External load balancer should route to swarm managers, workers or both?

Question

I have an architecture of microservices running into a docker swarm stack. My swarm stack is composed with :

• 3 Managers (manager only)
• 3 workers

I have an external load-balancer to dispatch requests on the nodes of my stack with a single public IP.

I'm wondering if my external load-balancer should route traffic only to the managers, only to the workers or to all nodes.

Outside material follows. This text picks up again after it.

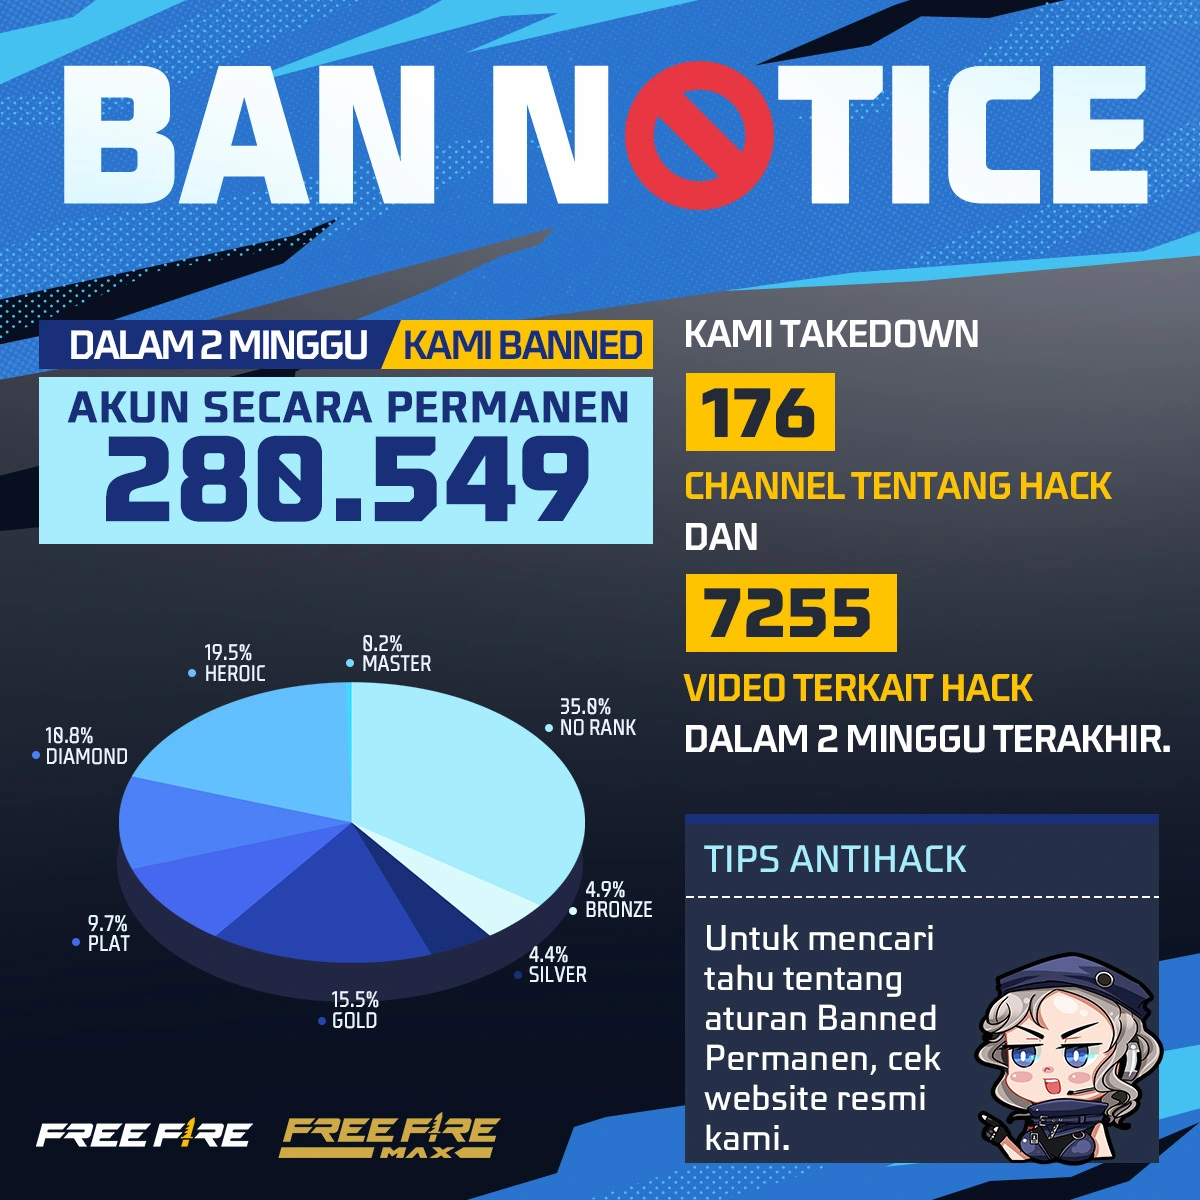 Free Fire Hack: Garena bans over 30 million accounts for hacking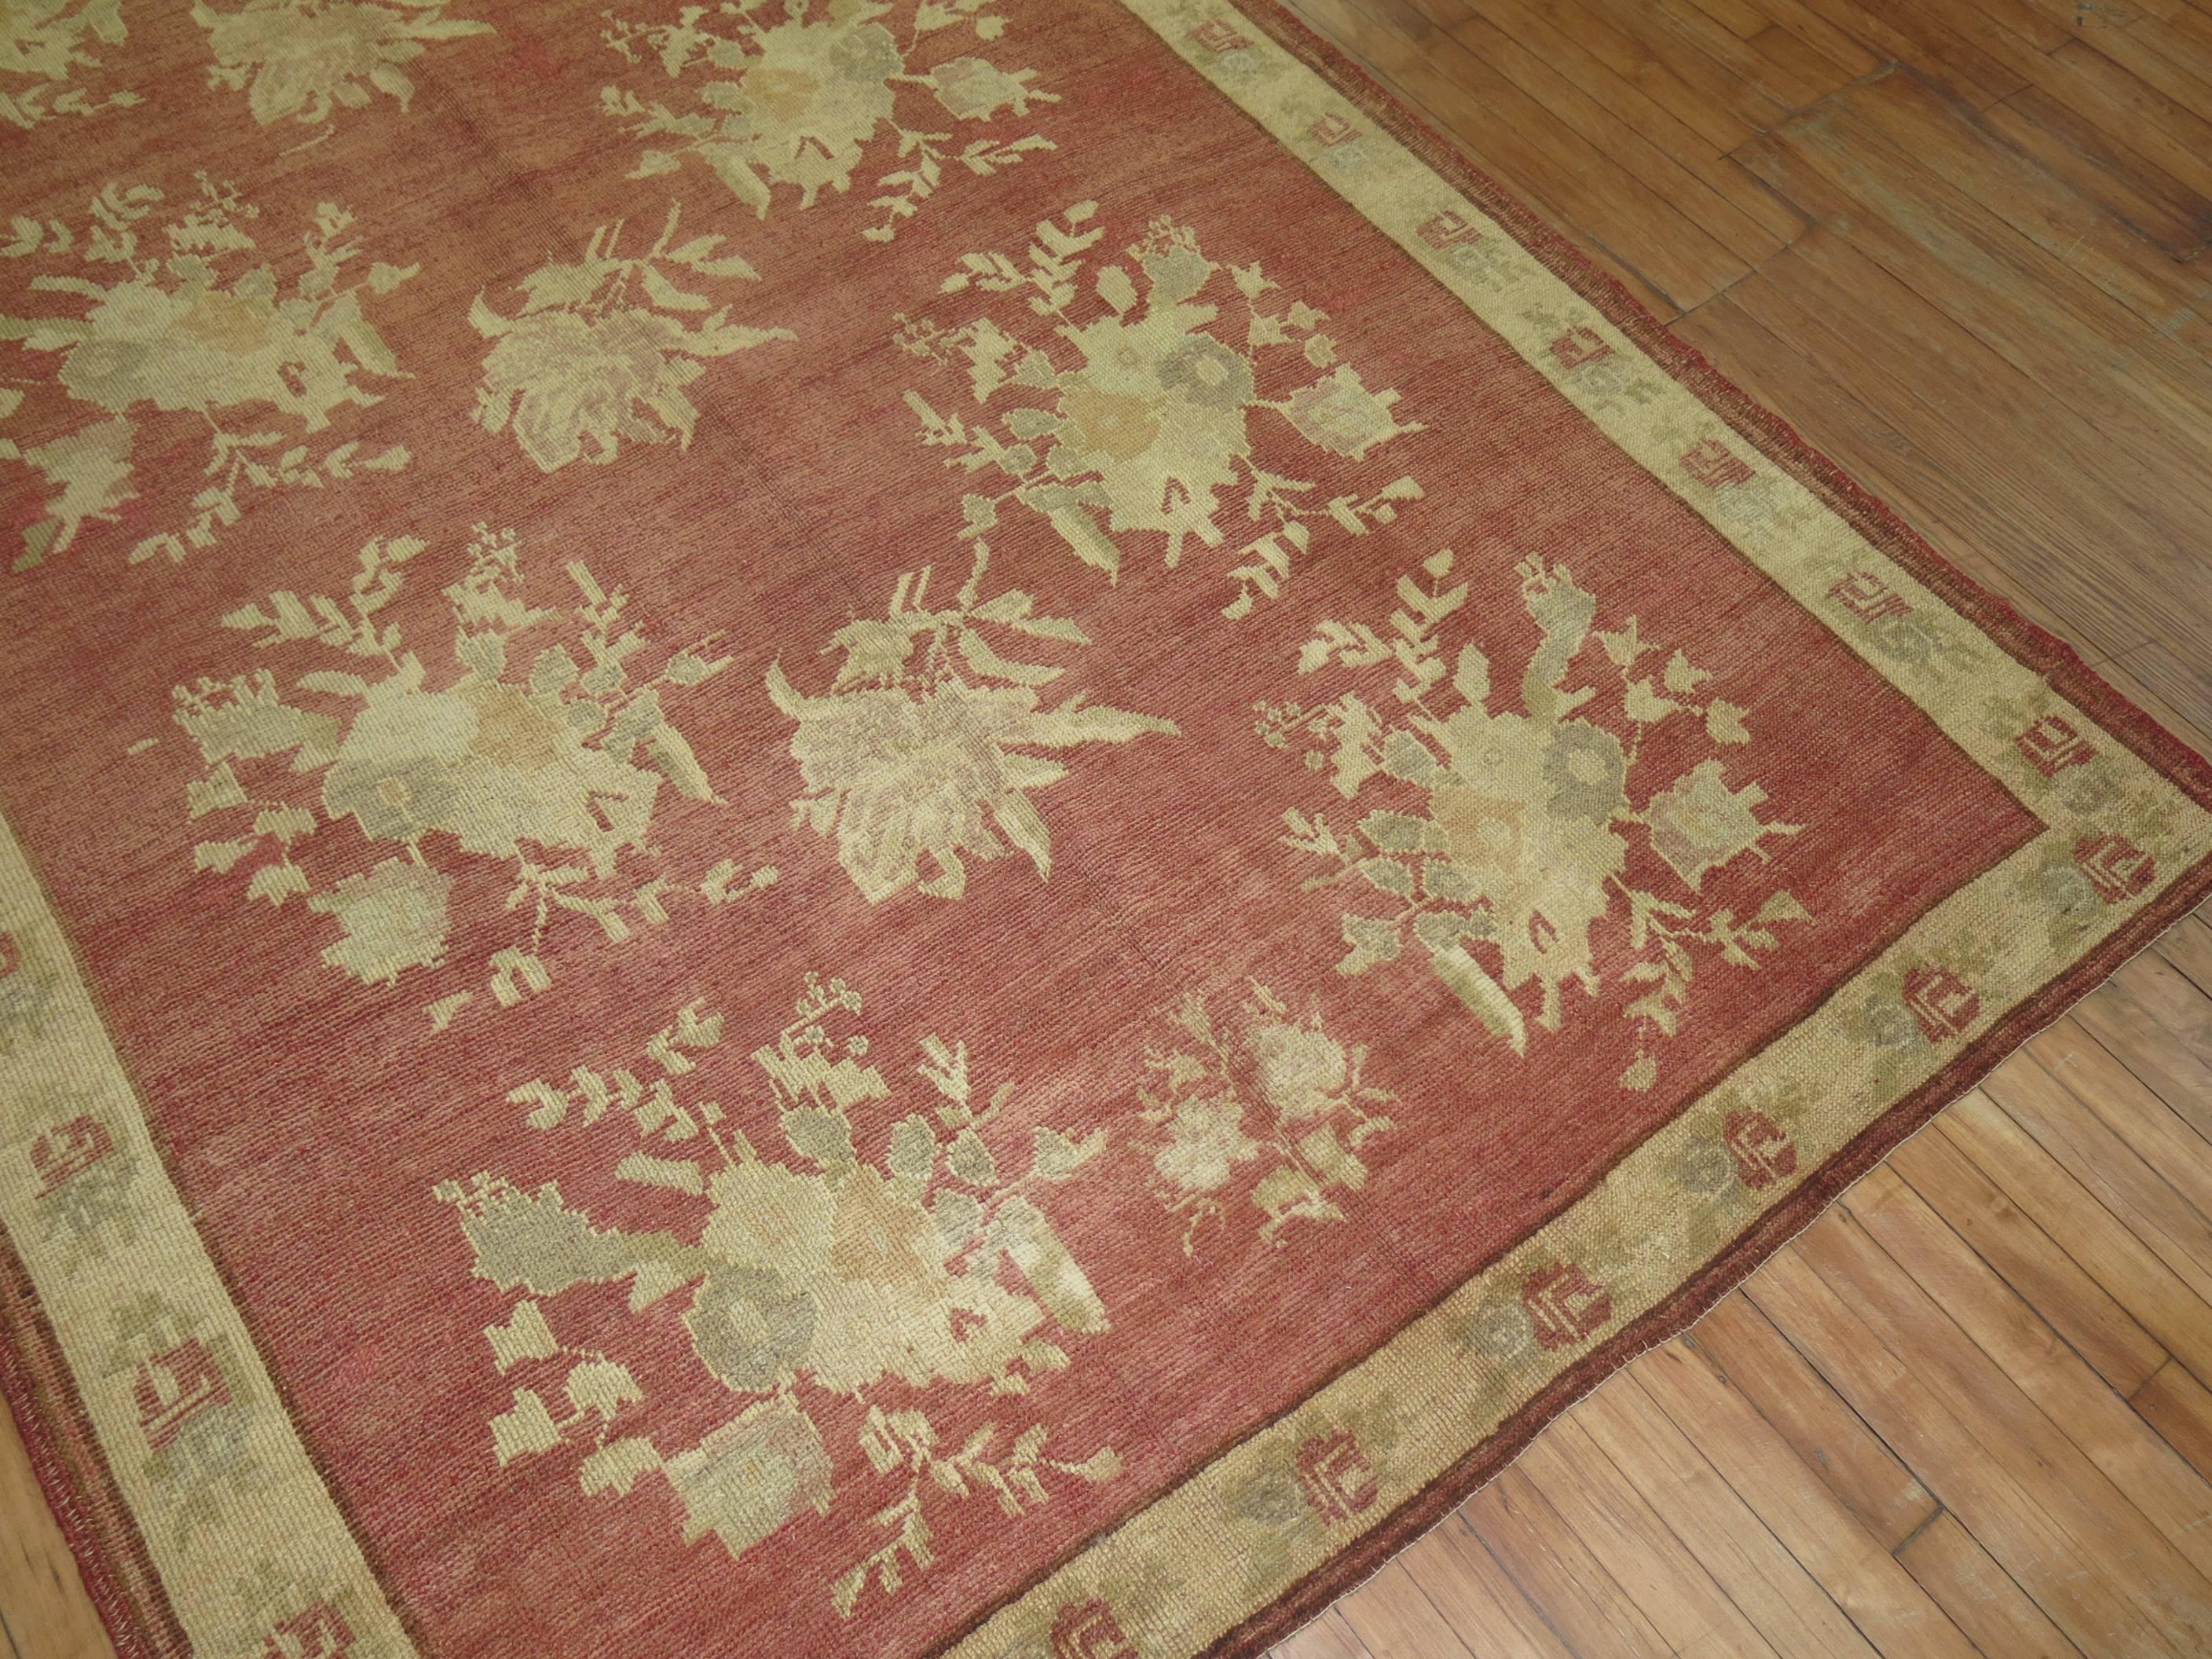 Exquisite Vintage Turkish rug with an all over floral design and border in rose and khaki.

I didn't find any direct answers to this question in the swarm documentation but i think it is better to route traffic to wokers only in order to save resources of managers. Is it the right way to do it ?

Answer 1

yes. no. maybe.

If you have only one vip, you probably want it to point to the managers, because you want HA access to the managers to manage the swarm.

i.e. with my internal swarm, "swarm.example.com" is a vip that points to the managers. My CI/CD pipelines use that as their target when doing docker stack deploy operations, and this means I can perform node maintenance without breaking pipeline deployments. "*.swarm.example.com" is also, for convenience a CNAME to swarm.example.com, so all my http (and other) ingress arrives on the managers, which is where I deploy traefik (which needs access to the manager api via /var/lib/docker.sock) for ingress routing to services.

Now, a more sophisticated setup would be to use separate vip pools to manage the control plane and ingress routing, and having traefik on the manager nodes is a security concern, but that speaks to a much larger setup with greater security concerns than an on prem swarm running ci/cd for devs.